Modified: trunk/include/asterisk/astobj2.h
URL: http://svnview.digium.com/svn/asterisk/trunk/include/asterisk/astobj2.h?view=diff&rev=396842&r1=396841&r2=396842
==============================================================================
--- trunk/include/asterisk/astobj2.h (original)
+++ trunk/include/asterisk/astobj2.h Fri Aug 16 11:03:34 2013
@@ -509,6 +509,25 @@
 #define ao2_ref(o,delta)       __ao2_ref((o), (delta))
 
 #endif
+
+/*!
+ * \since 12
+ * \brief Bump refcount on an AO2 object by one, returning the object.
+ *
+ * This is useful for inlining a ref bump, and you don't care about the ref
+ * count. Also \c NULL safe, for even more convenience.
+ *
+ * \param obj AO2 object to bump the refcount on.
+ * \retval The given \a obj pointer.
+ */
+#define ao2_bump(obj)						\
+	({							\
+		typeof(obj) __obj_ ## __LINE__ = (obj);		\
+		if (__obj_ ## __LINE__) {			\
+			ao2_ref(__obj_ ## __LINE__, +1);	\
+		}						\
+		__obj_ ## __LINE__;				\
+	})
 
 int __ao2_ref_debug(void *o, int delta, const char *tag, const char *file, int line, const char *func);
 int __ao2_ref(void *o, int delta);

Modified: trunk/main/stasis.c
URL: http://svnview.digium.com/svn/asterisk/trunk/main/stasis.c?view=diff&rev=396842&r1=396841&r2=396842
==============================================================================
--- trunk/main/stasis.c (original)
+++ trunk/main/stasis.c Fri Aug 16 11:03:34 2013
@@ -39,6 +39,95 @@
 #include "asterisk/utils.h"
 #include "asterisk/uuid.h"
 
+/*!
+ * \page stasis-impl Stasis Implementation Notes
+ *
+ * \par Reference counting
+ *
+ * Stasis introduces a number of objects, which are tightly related to one
+ * another.

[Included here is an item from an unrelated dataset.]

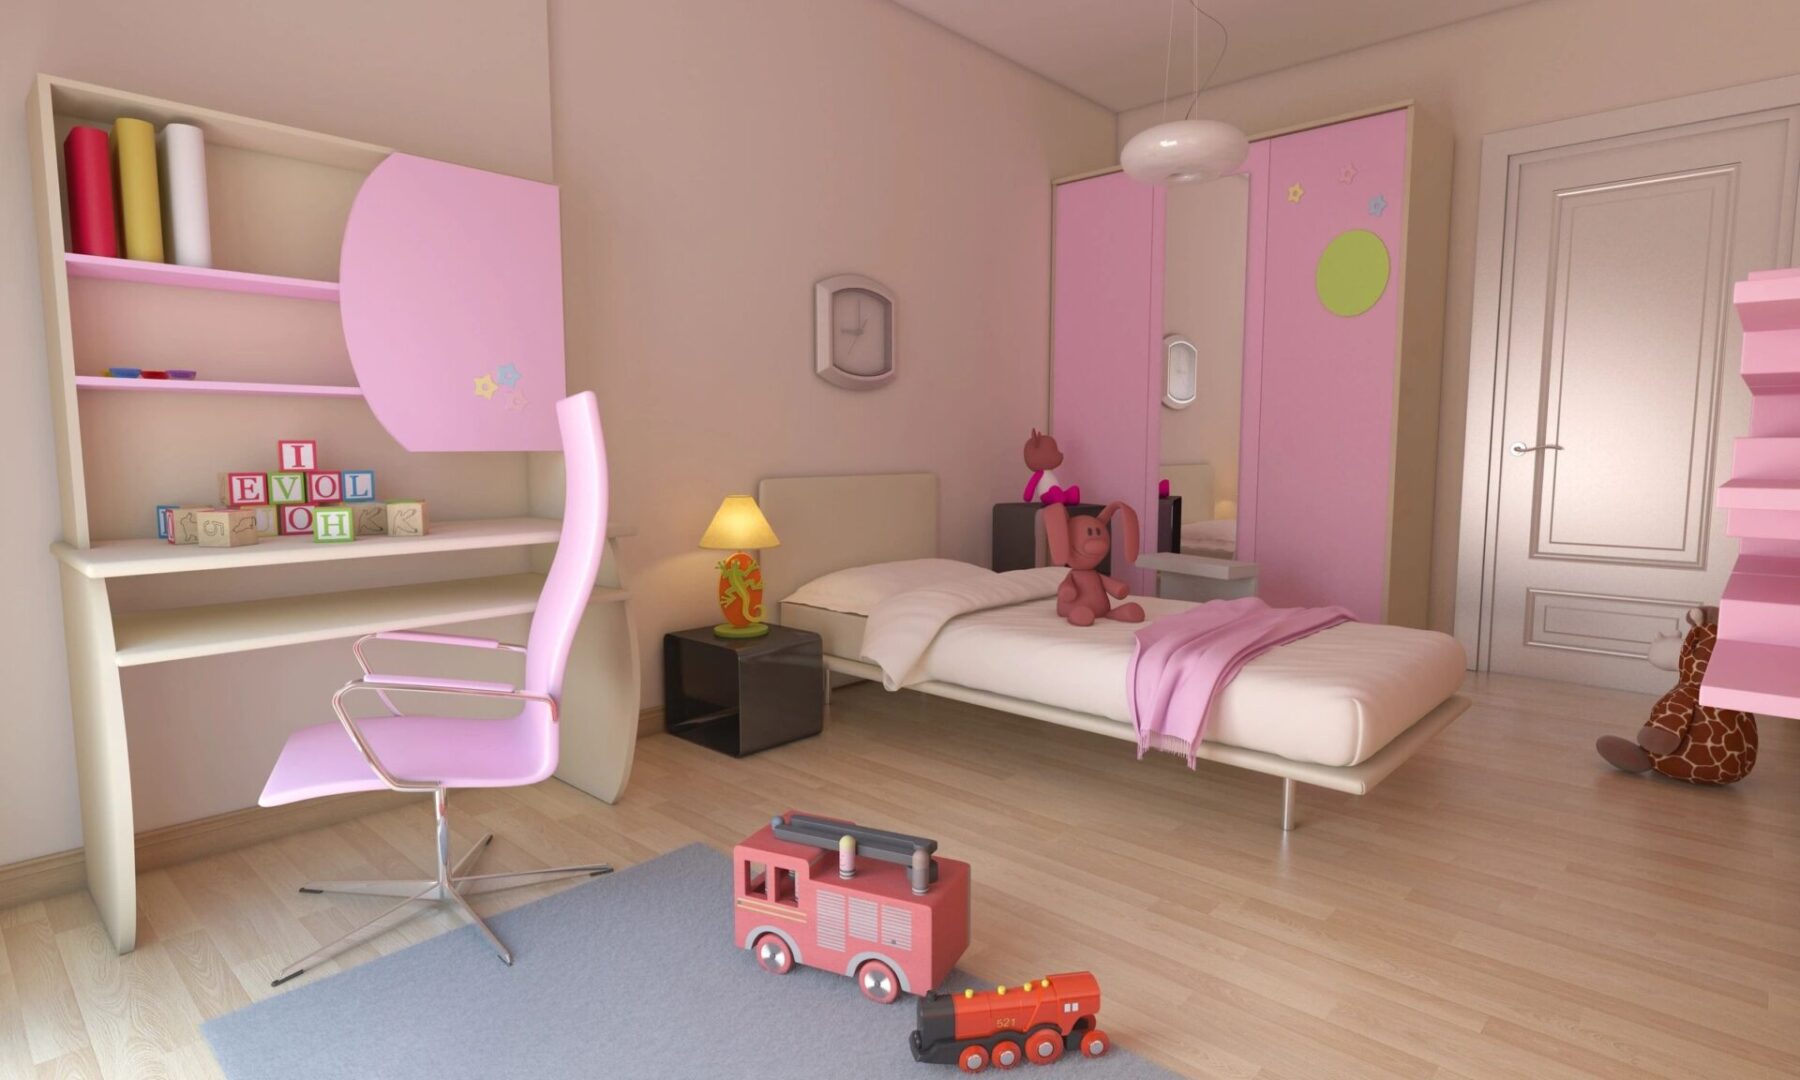 A Pink and White Themed Bedroom for Children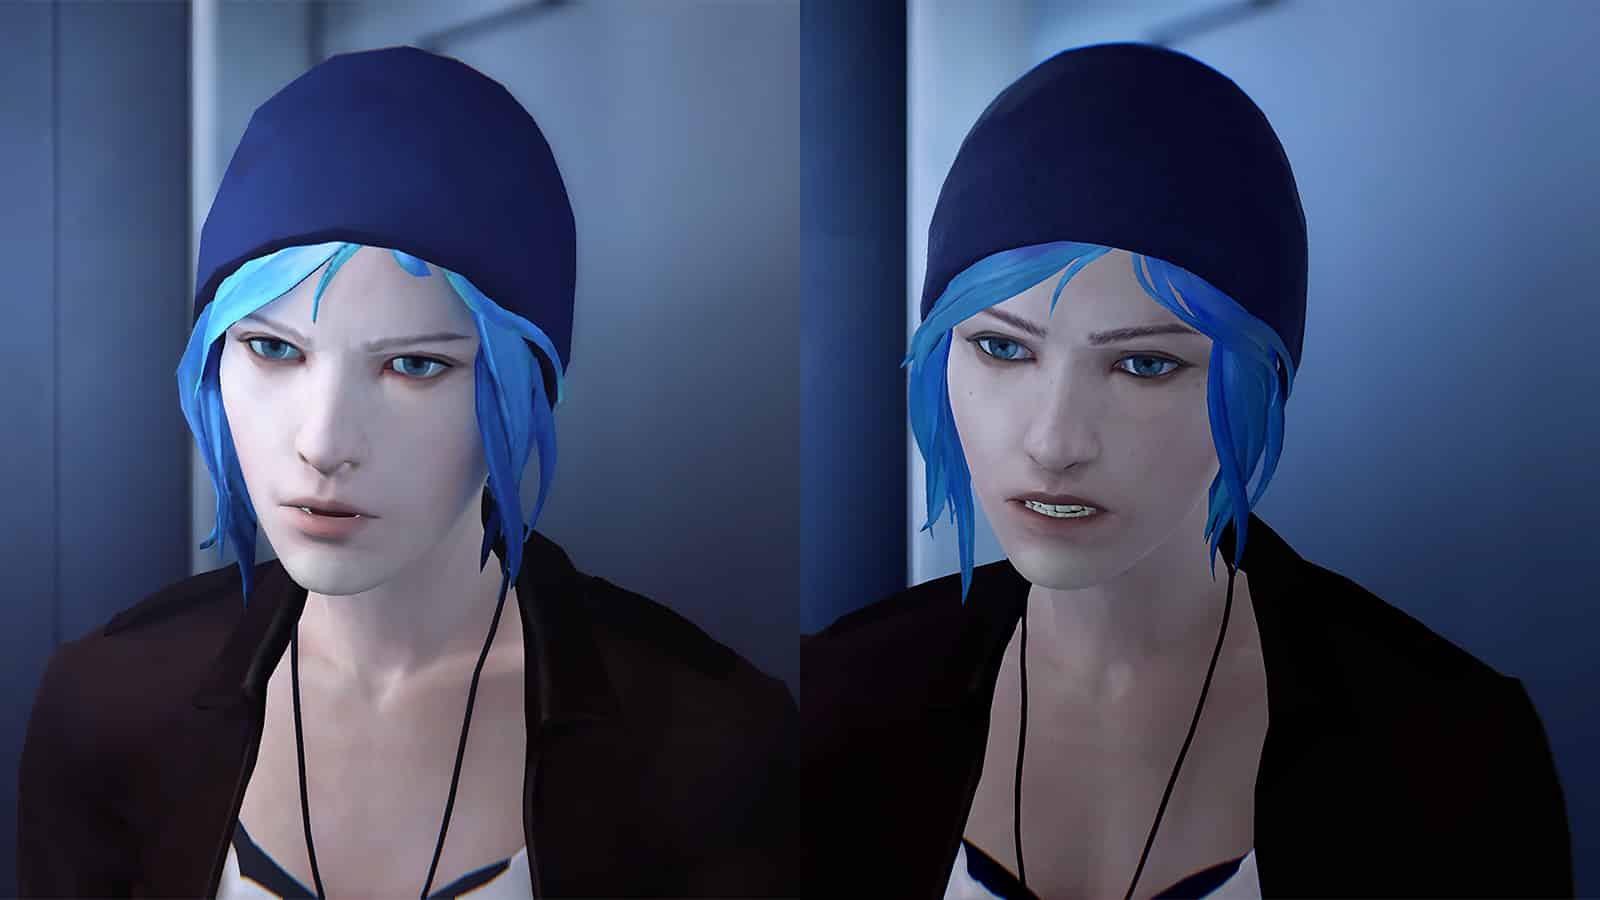 An image of Life is Strange Remastered's graphics, featuring Chloe Price

Because we rely on ref-counting for memory management, understanding
+ * these relationships is important to understanding this code.
+ *
+ * \code{.txt}
+ *
+ *   stasis_topic <----> stasis_subscription
+ *             ^          ^
+ *              \        /
+ *               \      /
+ *               dispatch
+ *                  |
+ *                  |
+ *                  v
+ *            stasis_message
+ *                  |
+ *                  |
+ *                  v
+ *          stasis_message_type
+ *
+ * \endcode
+ *
+ * The most troubling thing in this chart is the cyclic reference between
+ * stasis_topic and stasis_subscription. This is both unfortunate, and
+ * necessary. Topics need the subscription in order to dispatch messages;
+ * subscriptions need the topics to unsubscribe and check subscription status.
+ *
+ * The cycle is broken by stasis_unsubscribe(). The unsubscribe will remove the
+ * topic's reference to a subscription. When the subcription is destroyed, it
+ * will remove its reference to the topic.
+ *
+ * This means that until a subscription has be explicitly unsubscribed, it will
+ * not be destroyed. Neither will a topic be destroyed while it has subscribers.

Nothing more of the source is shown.